Fiona Turnbull is an experienced psychotherapist and supervisor, practicing from two welcoming locations in Clapham and Pimlico, London. Her therapeutic approach is gentle, grounded in kindness, compassion, and consistency. Fiona strives to offer a relationship built on trust, respect, genuine connection, and hope, working in an anti-oppressive manner and welcoming clients from diverse communities.
She has a particular affinity for supporting individuals dealing with anxiety, grief and loss, or feelings of low self-worth. She also works with clients navigating significant life events, crises, and transitions, as well as those interested in exploring the impact of different life stages—including early trauma and neglect—on their present experience.
While Fiona does not promise transformation, she provides a quiet, thoughtful space in which change can begin to feel possible. Trained in Gestalt psychotherapy, her work is also informed by feminist, existential, attachment, and trauma-informed approaches. In addition to her therapeutic practice, Fiona is a relational supervisor and facilitates staff reflection groups within the funeral sector.
For more information or to book a session, contact her via details provided below.

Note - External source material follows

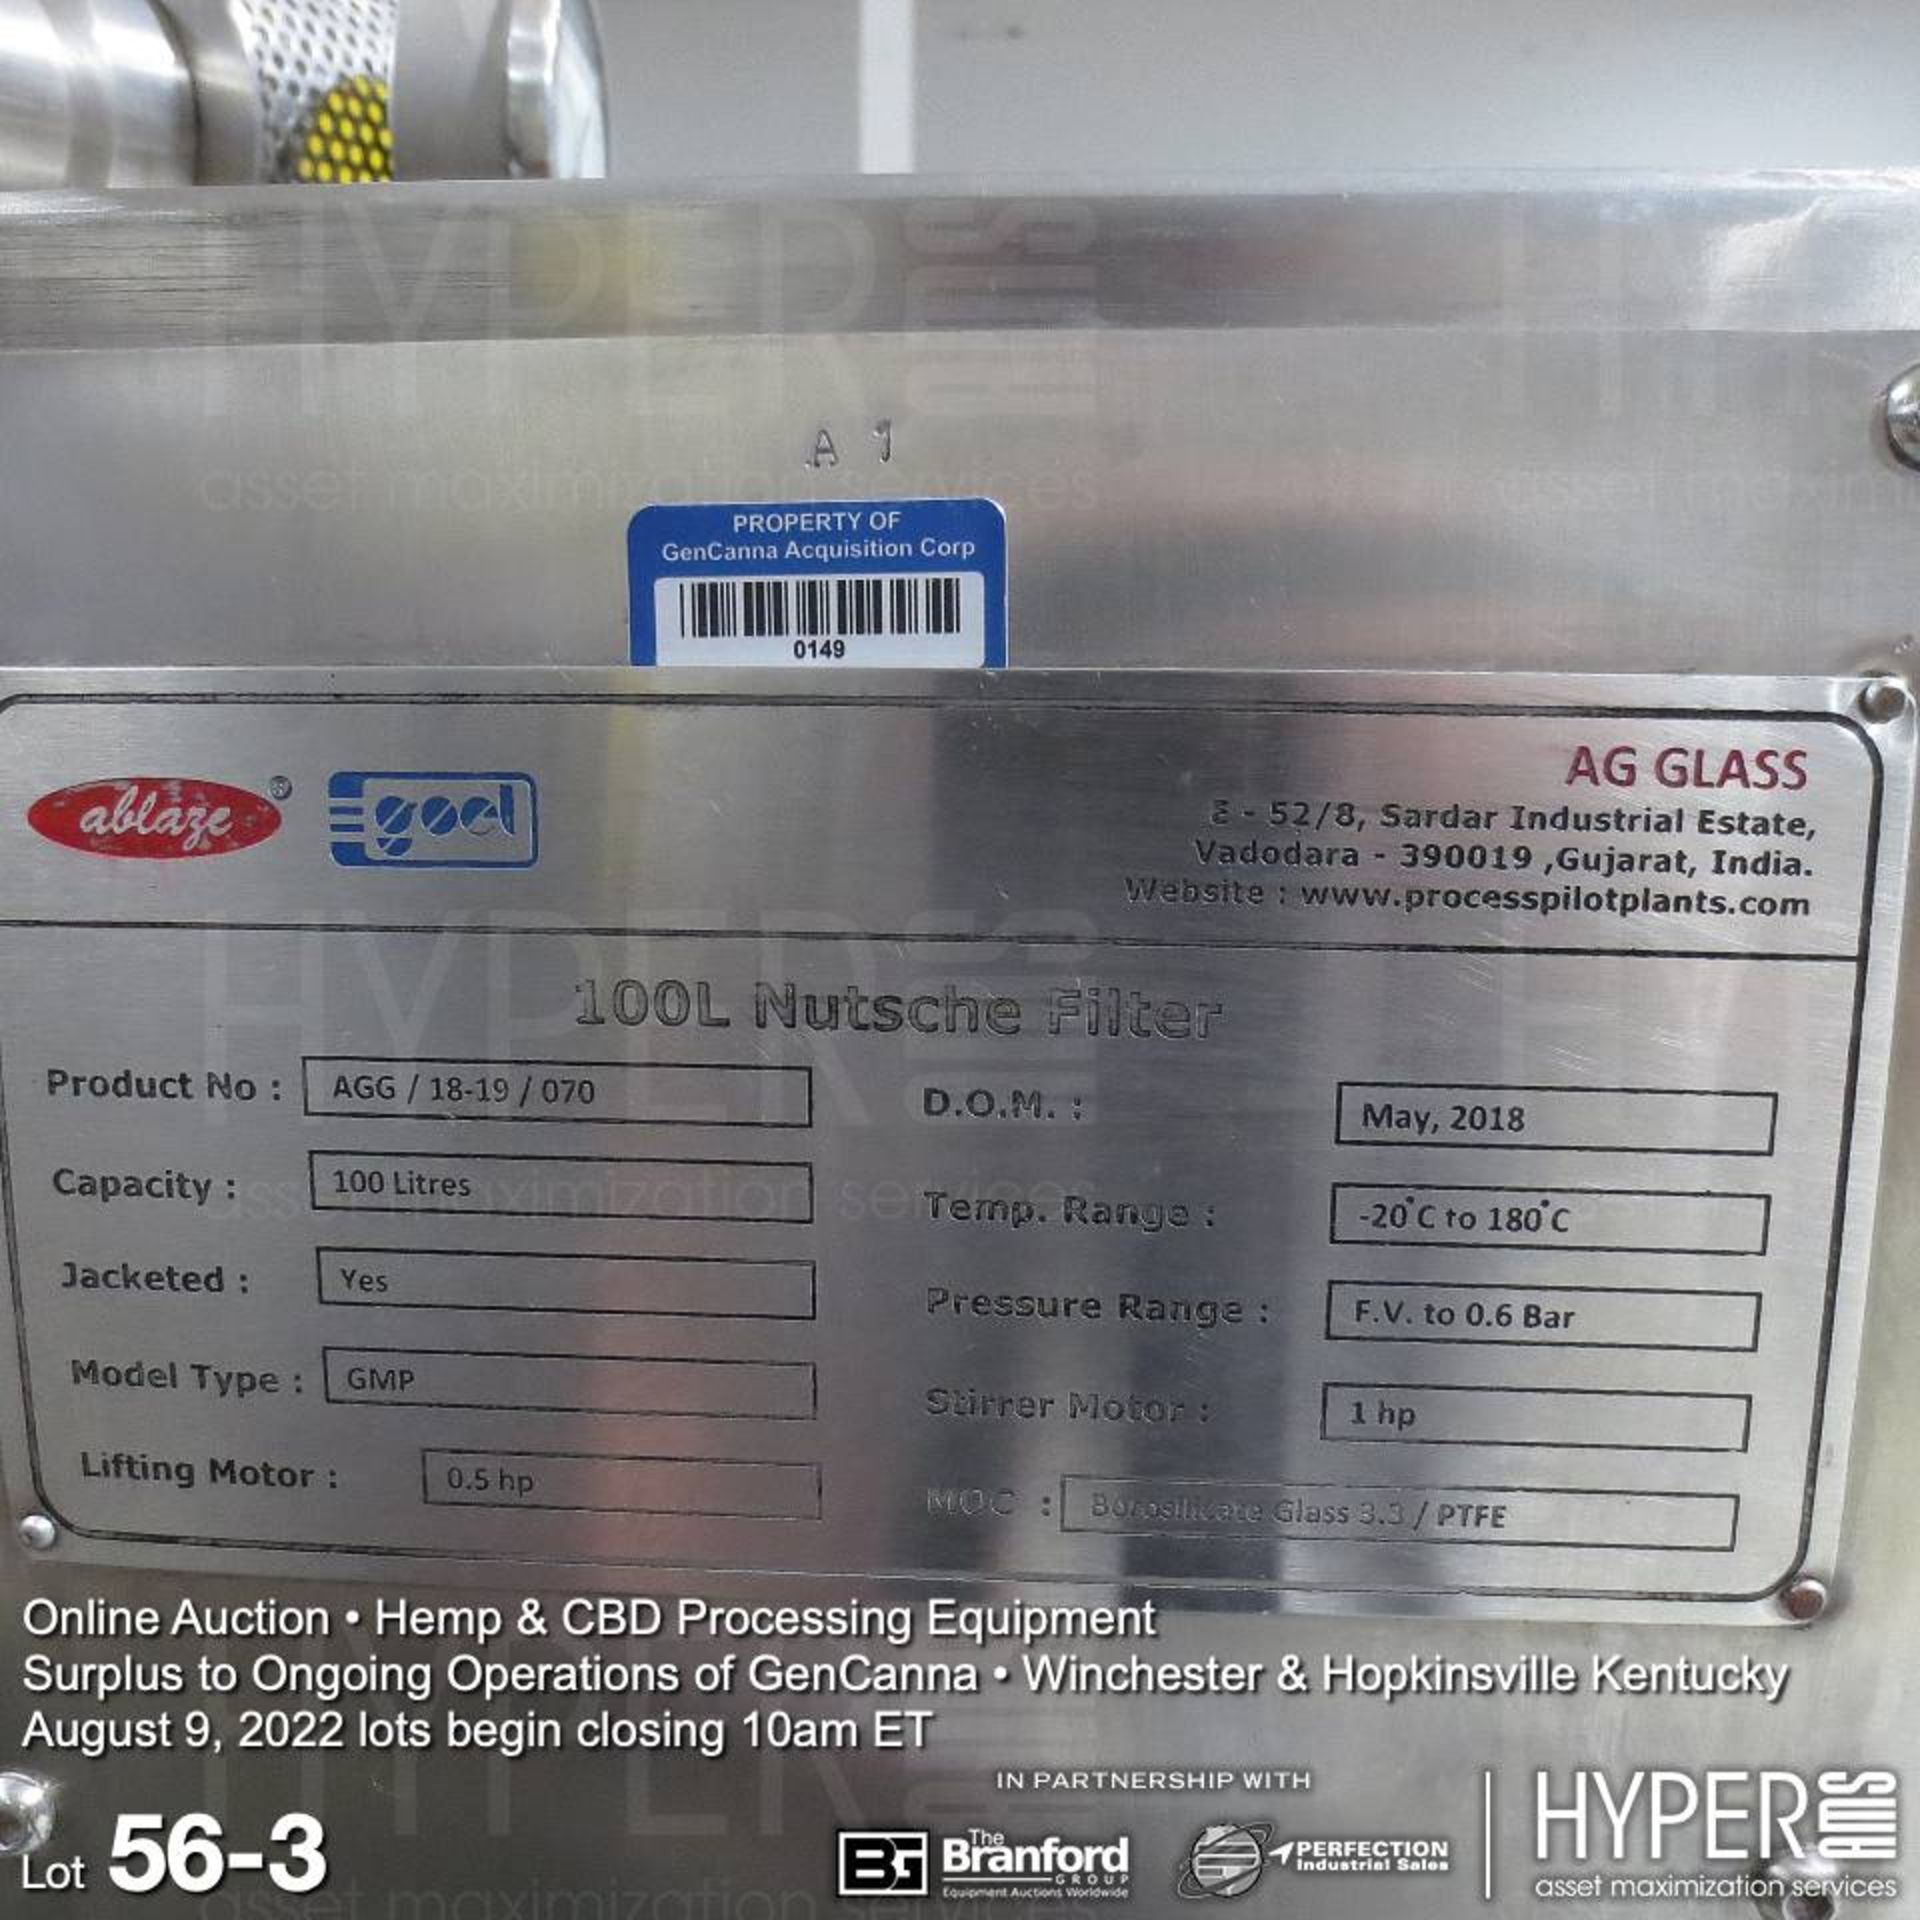 AG Glass AGG/18-19/070 100-liter GMP nutsche filter - Image 3 of 4

Grieving for someone close to us evokes a wide and powerful array of emotions which can often feel bewildering and are sometimes quite unexpected. One emotion that can often catch us unawares in grief is anxiety – especially as it’s not so commonly talked about. Yet it’s a completely natural feeling in response to such a life-altering experience and many of us can feel a sudden or gradual rise in anxiety after a bereavement. People often refer to feeling like they’ve had the rug pulled from under them when someone close to them dies or that their grief can take their breath away.
Existential anxiety
It’s an immensely challenging aspect of being human that we live with the knowledge that our lives are finite and that we and people we love will inevitably die. Typically in the course of everyday life, we tend to firmly squirrel that awareness away at the back of our minds. Yet a bereavement brings us right up close – terrifyingly so sometimes – with the reality of death. When we’re grieving, we can become all too aware of the fragility and transitoriness of life. The worst did happen. Our fears did come true. Quite understandably we can feel existential anxiety as a result.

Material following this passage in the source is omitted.